Indeed, there isn't a right angle "in the house." You can see her curvaceous stamp as early as her 1928-30 "Mondrian Line," made for Schramberg Majolica. A tea set composed of plump shapes, imperfect "straight" lines, and earthy yellow tones proves a warm and sunny alternative to the abrupt, grid-based paintings by the artist to which the name refers.

"I have rarely designed objects that were meant to stand alone," reads one phrase of large wall text at the museum. "My designs have family relationships. They are either mother and child, siblings or cousins." While a sense of relationships is a given in "sets" - whether dinnerware, utensils, or candlesticks - it wasn't until Zeisel designed her 1946 "Town and Country" line of dinnerware for Red Wing Pottery that she began to refine the idea by shaping pieces to "play off" and communicate with each other, in addition to the user. Red Wing approached her with a request for something "Greenwich Village-y," and out came a multicolored, kidney-curvy array of plates, pitchers, and more, with considerable variation between pieces. The accompanying, zoomorphically shaped salt and pepper shakers became icons; with one protectively hovering over the other, Zeisel affectionately nicknamed them "shmoos."

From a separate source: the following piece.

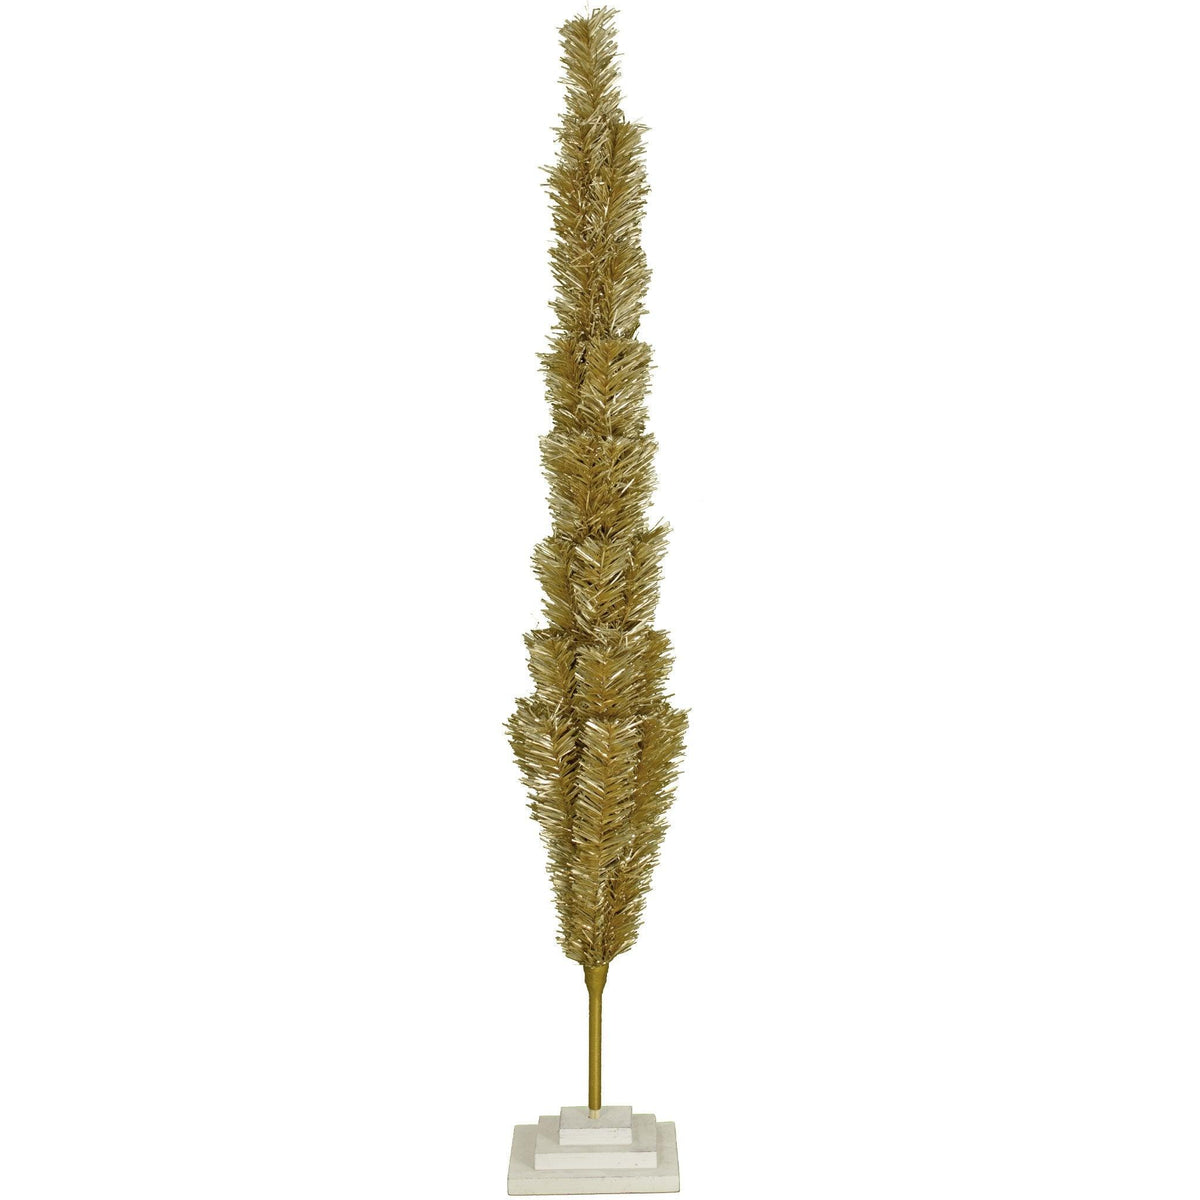 Our 48in Tall Antique Gold Christmas Tree has folding branches to shape how you like and safely store in your closet. 
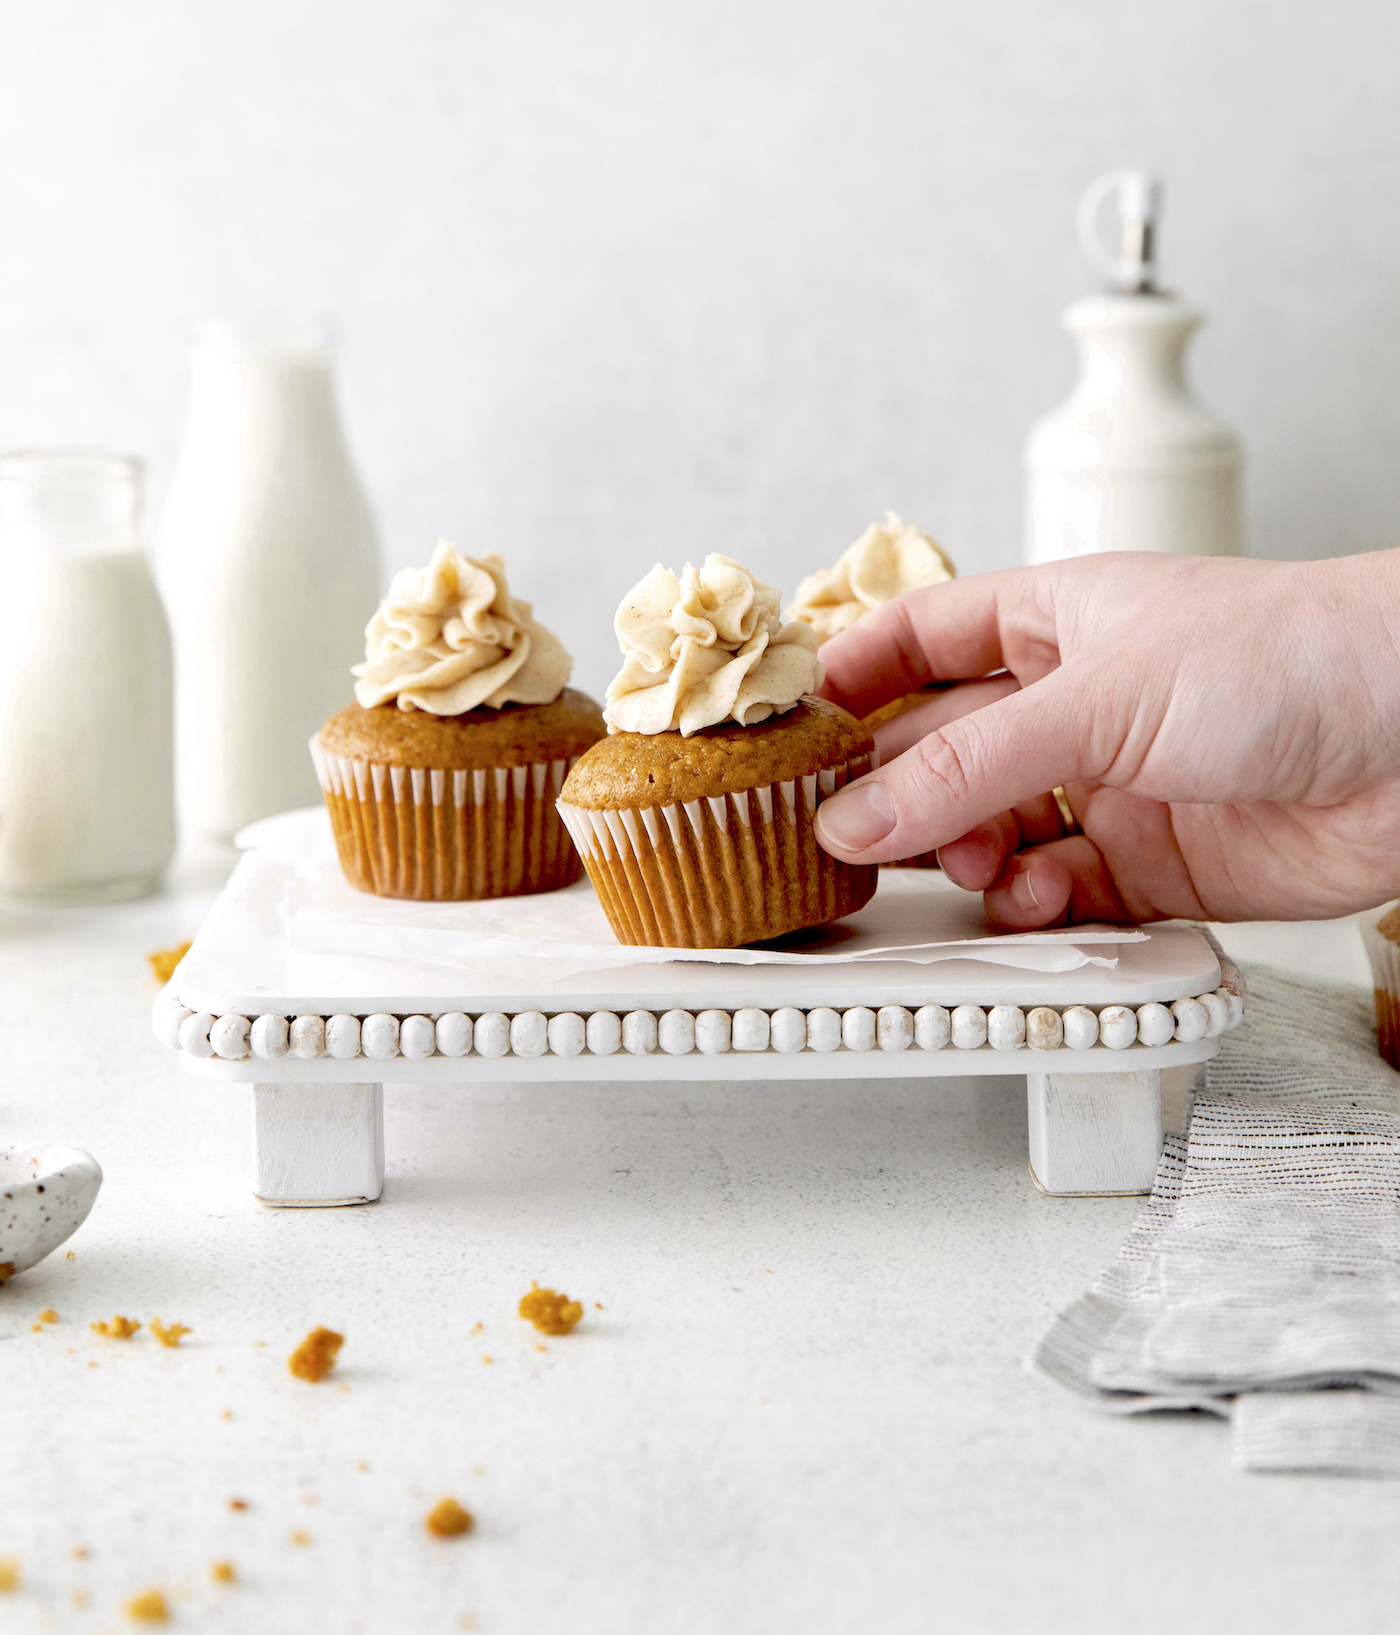 Gingerbread Cupcakes with Spiced White Chocolate Buttercream Frosting

In fact, Zeisel's interest in relationships between objects may well explain why salt and pepper shakers, which already come as a team, prove consistent receptacles for her humor and whimsy. Take, for example, the MOMA "Museum" line, also from 1946, for which she created an elegant, white dinnerware with graceful curving lips and handles. She matched it with a friendly, squat, rocking saltcellar, as if symbolically "rolling" her eyes at the formality and pretension of the service. She also inserted her trademark humanism, making pieces that appeared to be "growing up from the table" in form (wide at the bottom, narrow toward the top), but perhaps also as a metaphor for family - the dining-room table being a place where we measure a family's maturation and "growth" over time.

Zeisel's approach suited the female-centered domestic spaces her pieces occupied, and doubtless brought cheer to the everyday housework they punctuated. Despite her professional success, she unquestionably empathized with the social expectations of women to skillfully - and enthusiastically! - manage their homes. Perhaps her aesthetic was also a form - so to speak - of reverie for women, since female body shapes are so detectable in Zeisel's designs (the reissued, 1958 belly button wall dividers for Italian manufacturer Mancioli among the most obvious).

This exhibition, which was originally curated by Joyce Corbett for La Jolla's Mingei Museum, extends up to the present decade, including some Lomonosov Porcelain from 2000 in thin-walled bone china so transparent, and with such swooping handles, it looks like it might just take flight. Given Zeisel's often repeated and truly sweet bird motifs, this china is an abstract cousin to that family. Also notice the array of glazes; from the iridescent beauties she perfected at Hungarian factory Zsolnay, to the 1964 "High Fashion" line for an American maker that, with depressions like those of wheel-spun pots, are drenched in earth-tone glazes so rich and glossy they resemble warm maple and chocolate syrups. It's a remarkable array of items, but not an exhausting one. Rather, they chirp at you lovingly, welcoming you to the nest.